A new dataframe, aa_dat2, is created with 8 variables. THose 8 variables are the ones in the Table 2.2.
aa_dat2 <- data.frame(vol,bulk,pol, isoelec, H2Opho.34, H2Opho.35, saaH2O,faal.fold)
This code is for creating a PCA plot by a base R command and plotting the output.
pca.out <- prcomp(aa_dat2, scale = TRUE) #Run the PCA
biplot(pca.out) #Plot the output
This code is for running the PCA using vegan and call the output rda.out.
rda.out <- vegan::rda(aa_dat2,
scale = TRUE) # to properly scale numeric data by using their respective standard deviation
rda_scores <- scores(rda.out) #extract the PCA score and name it as rda_scores
rda_scores
## $species
## PC1 PC2
## vol 0.1292455 -1.21867402
## bulk -0.5240422 -1.00021659
## pol 1.0392368 -0.22161142
## isoelec 0.4272346 -0.51780748
## H2Opho.34 -1.1576058 -0.06083202
## H2Opho.35 -1.1909235 0.07563303
## saaH2O 0.2293130 -1.17930581
## faal.fold -1.0664891 -0.35159129
##
## $sites
## PC1 PC2
## sit1 -0.431697708 1.01348876
## sit2 -0.812161280 0.50497652
## sit3 0.958626669 0.71357979
## sit4 0.941582653 0.22249037
## sit5 -0.867271594 -0.76051369
## sit6 -0.093468837 1.79557675
## sit7 0.643286377 -0.33344292
## sit8 -1.013877712 -0.56001005
## sit9 1.450808627 -0.67736662
## sit10 -0.904499352 -0.52173690
## sit11 -0.668686375 -0.38778285
## sit12 0.462264010 0.53066191
## sit13 0.007416261 0.36866189
## sit14 0.458970843 0.05206945
## sit15 1.580353509 -1.08451465
## sit16 -0.014704047 1.08414678
## sit17 -0.184996200 0.37158066
## sit18 -0.979015329 -0.23223164
## sit19 -0.420924604 -1.37484059
## sit20 -0.112005910 -0.72479295
##
## attr(,"const")
## [1] 3.511243
This code is for creating a biplot.
biplot(rda.out, display = "sites", col = 0,)
orditorp(rda.out, display = "sites", labels = aa_dat$aa, cex = 1.2)
ordihull(rda.out,
group = aa_dat$charge,
col = 1:7,
lty = 1:7,
lwd = c(3,6))
The plot created above is very different from the one in the in the Higgs and Atwood paper. 1. the scale for these two plots are different 2. the data points in the paper are more spread out comparing to the plot created above. 3. the orientation of the figure in the paper is the upside-down version of the plot created above. 4. in the original paper, there is no grouping indicated in the figure. But the plot created above make use of red, green and black lines to show the grouping to show the relationship.

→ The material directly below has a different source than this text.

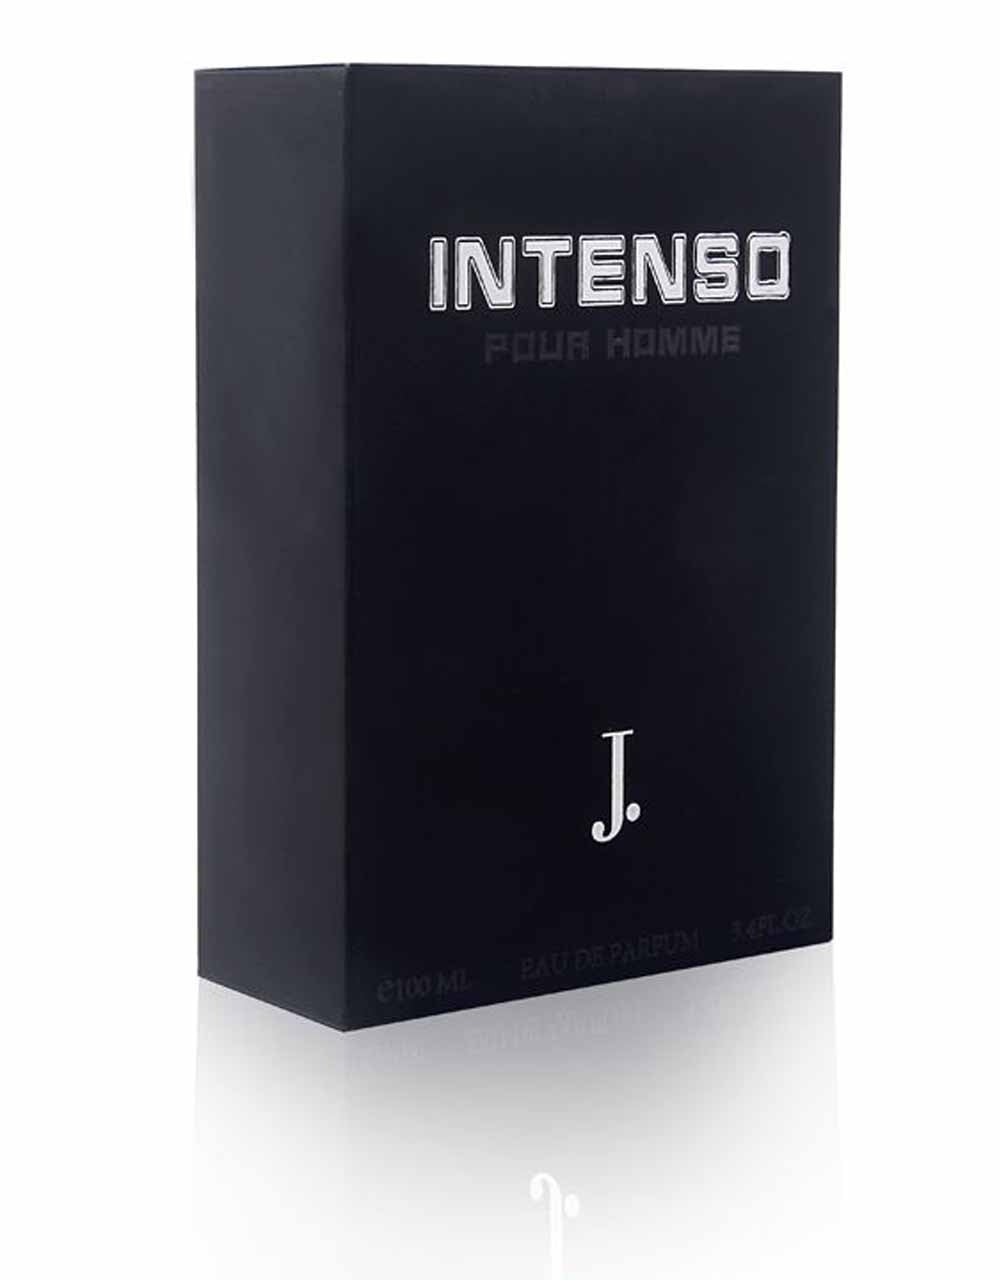 Intenso Pour Homme For Men

The purpose of cluster analysis is classify different objects into similar groups.To categorize them into cluster, we base on the similarities or dissimilarities between the objects.

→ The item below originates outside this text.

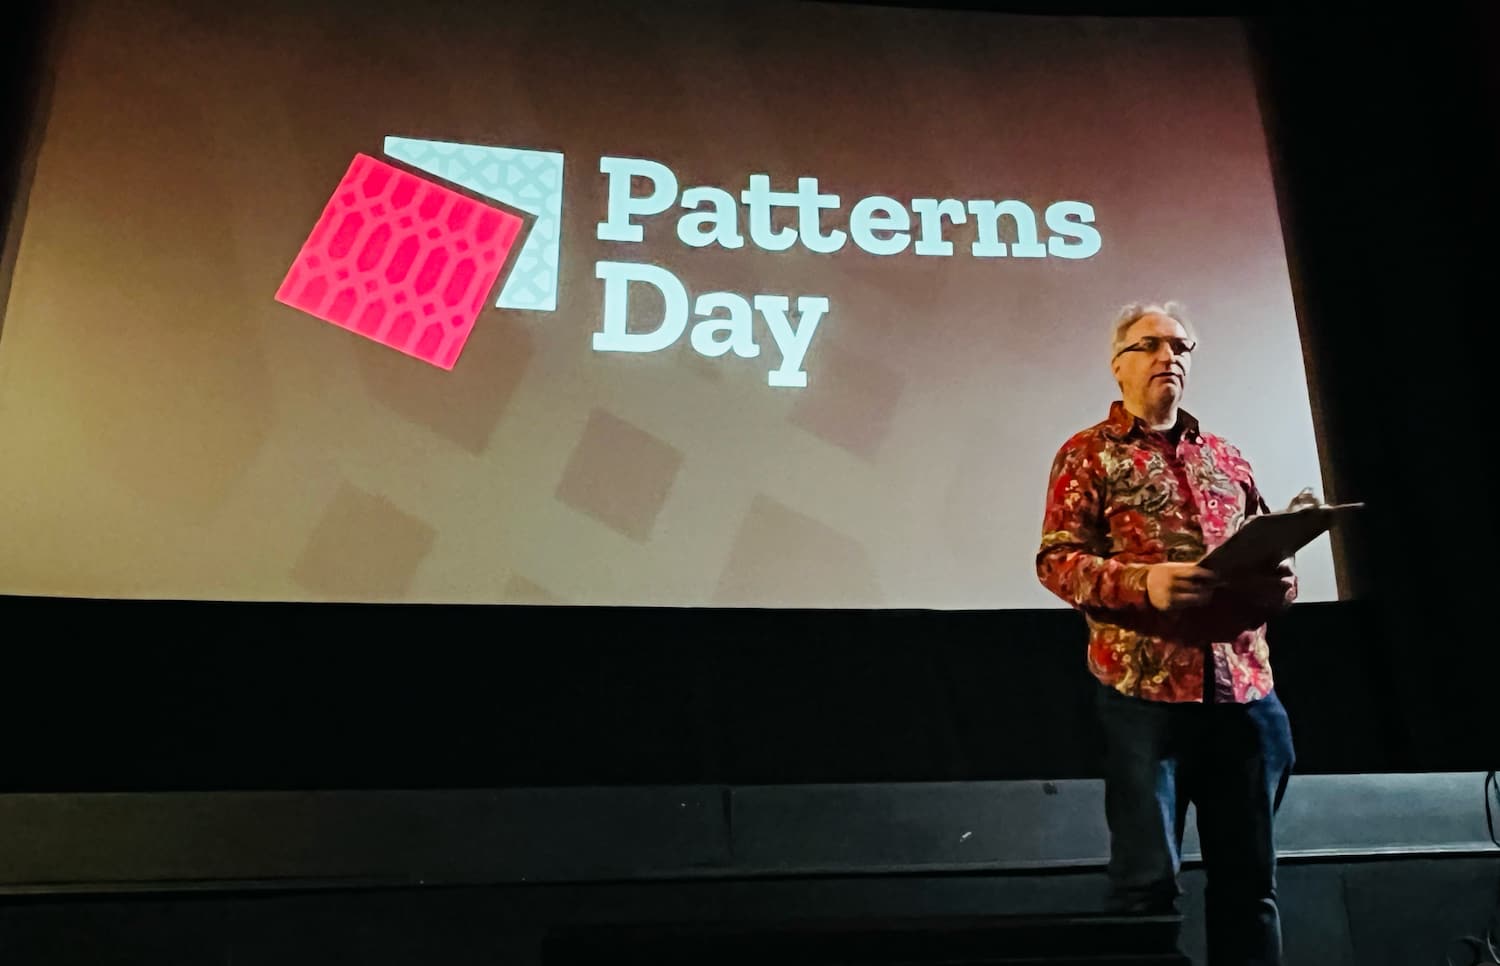 Jeremy presenting in front of the patterns day logo on screen

Unweighted pair-group method with arithmetic mean (UPGMA) is a type of clustering method that utilizes the hierarchical clustering method. Since UPGMA is a distance method, it needs a distance matrix. And it can be used for generating visual plots such as dendrograms.
row.names(aa_dat2) <- paste(aa_dat$aa, sep = ".")
dist_euc <- dist(aa_dat2,
method = "euclidean")
clust_euc<- hclust(dist_euc,
method = "average") #this method sets hclust to UPGMA
dendro_euc = as.dendrogram(clust_euc)
plot(dendro_euc,horiz = T,
nodePar = list(pch = c(1,NA),
cex = 0.5,
lab.cex = 1.2))
This plot is a distance matrix to show distance between objects: amino acids. The distance is calculated by Euclidean distance matrix based on the different properties.An Euclidean distance matrix is a matrix containing squared distances between two points. As an equation, it can be expressed as a sum of squares.
This cluster analysis has some differences in the comparison to the one in the Higgs and Atwood paper.The difference is the relative proximity between amino acids. The distance between some amino acids gets changed: some are closer and some are further.